MHB Evaluating a double integral in polar coordinates

[skate_nerd]

I've done this problem and I have a feeling it's incorrect. I've never done a problem like this so I am kind of confused on how else to go about doing it. The goal is to change the cartesian integral
$$\int_{-a}^{a}\int_{-\sqrt{a^2-x^2}}^{\sqrt{a^2-x^2}}\,dy\,dx$$
into an integral in polar coordinates and then evaluate it.
Changing to polar coordinates I got the integral
$$\int_{0}^{\pi}\int_{-a}^{a}r\,dr\,d\theta$$
and evaluating this integral I ended up with an integrand of 0 to integrate with respect to \(d\theta\) and I wasn't entirely sure how to integrate that so I thought it might just be \(\pi\).
I really feel like there's no way that answer could be correct, seeing as the integral is of half a circle with radius \(a\) and the answer has nothing to do with \(a\). If someone could let me know where I went wrong that would be great.

 

[Prove It]

Re: evaluating a double integral in polar coordinates

Since you are integrating over an entire circle of radius |a| centred at (0, 0), that means the angle swept out is actually [math] \displaystyle 2\pi [/math], which means your [math] \displaystyle \theta [/math] bounds are actually 0 to [math]\displaystyle 2\pi [/math].

 

[chisigma]

Re: evaluating a double integral in polar coordinates

I've done this problem and I have a feeling it's incorrect. I've never done a problem like this so I am kind of confused on how else to go about doing it. The goal is to change the cartesian integral
$$\int_{-a}^{a}\int_{-\sqrt{a^2-x^2}}^{\sqrt{a^2-x^2}}\,dy\,dx$$
into an integral in polar coordinates and then evaluate it.
Changing to polar coordinates I got the integral
$$\int_{0}^{\pi}\int_{-a}^{a}r\,dr\,d\theta$$
and evaluating this integral I ended up with an integrand of 0 to integrate with respect to \(d\theta\) and I wasn't entirely sure how to integrate that so I thought it might just be \(\pi\).
I really feel like there's no way that answer could be correct, seeing as the integral is of half a circle with radius \(a\) and the answer has nothing to do with \(a\). If someone could let me know where I went wrong that would be great.
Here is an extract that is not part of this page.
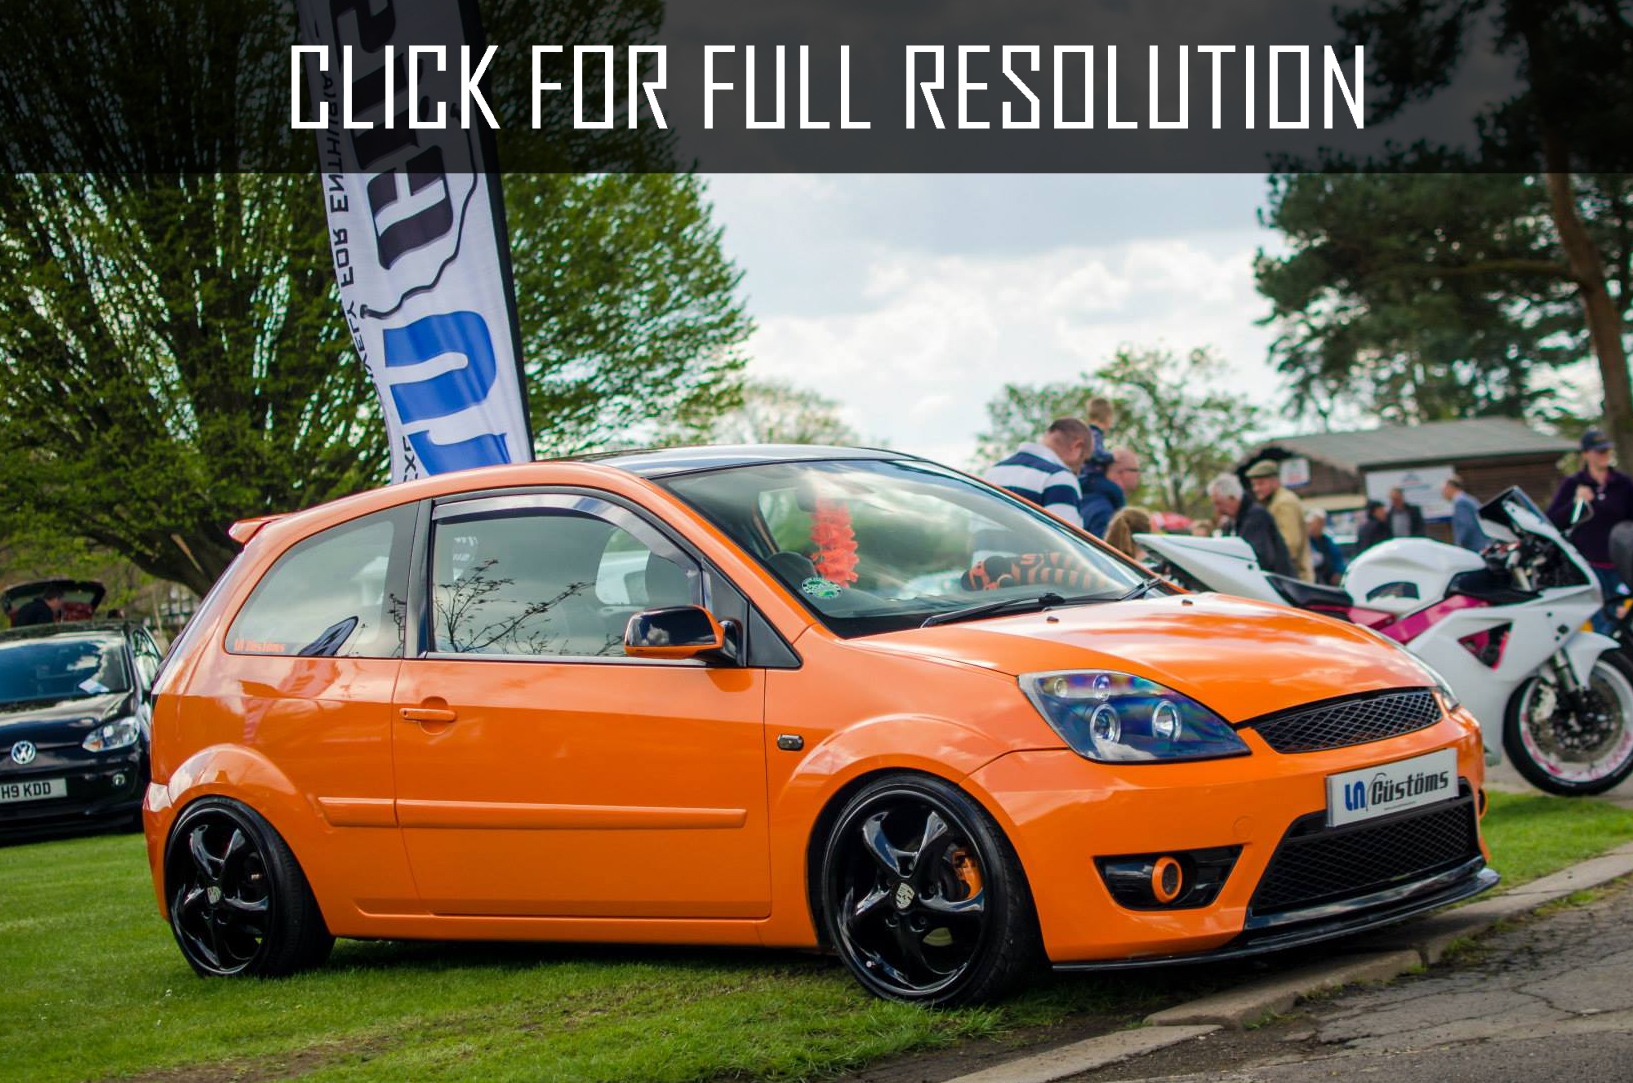 Ford Fiesta Zetec S Mk6 Amazing Photo Gallery Some Information And

The bounds of the inner integral are 0 and a, not -a and a so that is...

$\displaystyle S= \int_{0}^{2\ \pi} \int_{0}^{a} r\ d r\ d \theta = \pi\ a^{2}$ (1)

Kind regards

$\chi$ $\sigma$

 

[skate_nerd]

Re: evaluating a double integral in polar coordinates

Thanks guys. I didn't recognize initially that the bounds of the original integral are describing the area of a whole circle. Pretty cool problem now that I get it!